_Work request_. Below is a listing. Write out exactly its lines between the one holding "COVERS 2』配信ジャケット (C)創通・サンライズ" and the one holding "Sunlavieen Rokko Sanroku", inclusive.

_Records shown_.
╭──
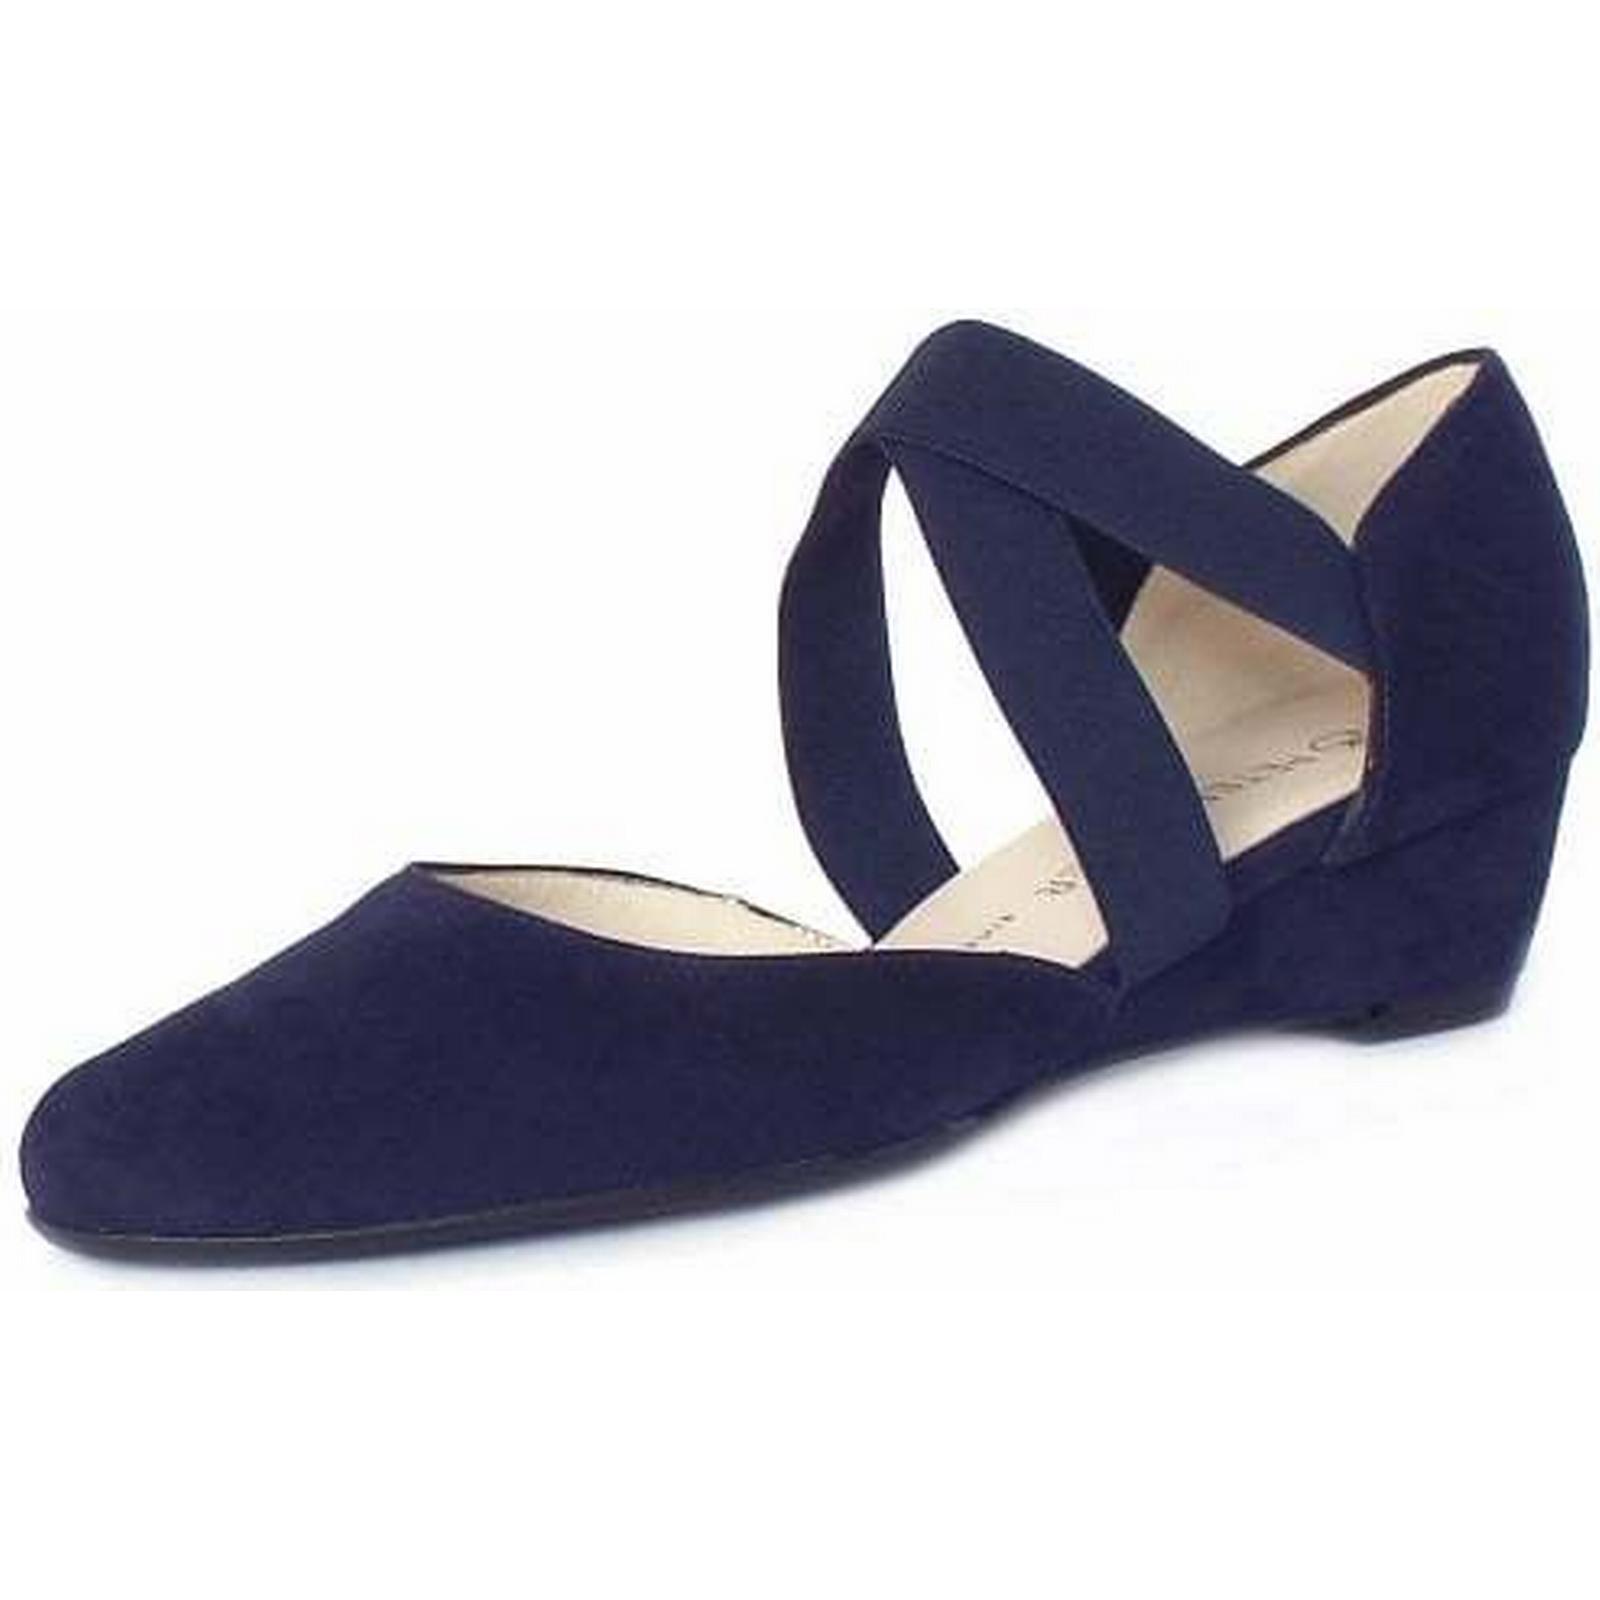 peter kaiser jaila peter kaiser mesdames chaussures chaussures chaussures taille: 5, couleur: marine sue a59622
╰──
╭──
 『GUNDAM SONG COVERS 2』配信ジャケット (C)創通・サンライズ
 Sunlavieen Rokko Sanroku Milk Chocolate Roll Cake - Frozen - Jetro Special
╰──
╭──
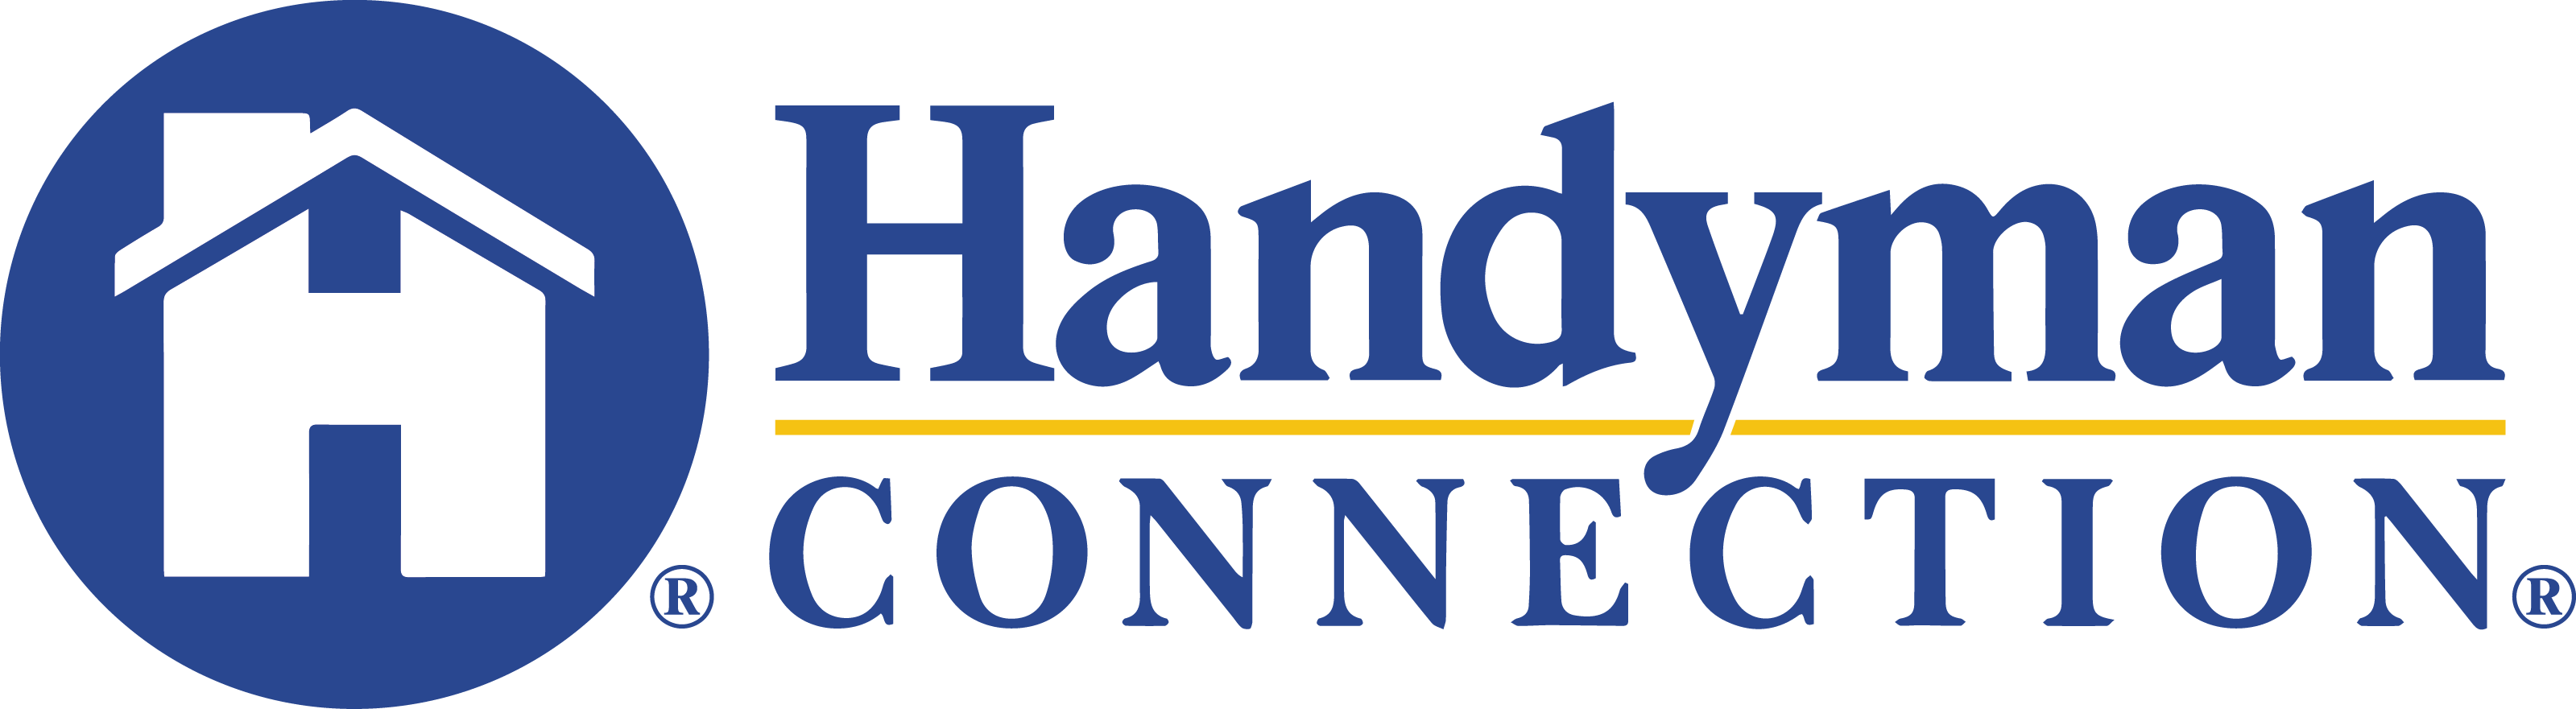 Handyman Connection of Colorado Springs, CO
╰──
_Solution to this problem_.
 『GUNDAM SONG COVERS 2』配信ジャケット (C)創通・サンライズ
 Sunlavieen Rokko Sanroku Milk Chocolate Roll Cake - Frozen - Jetro Special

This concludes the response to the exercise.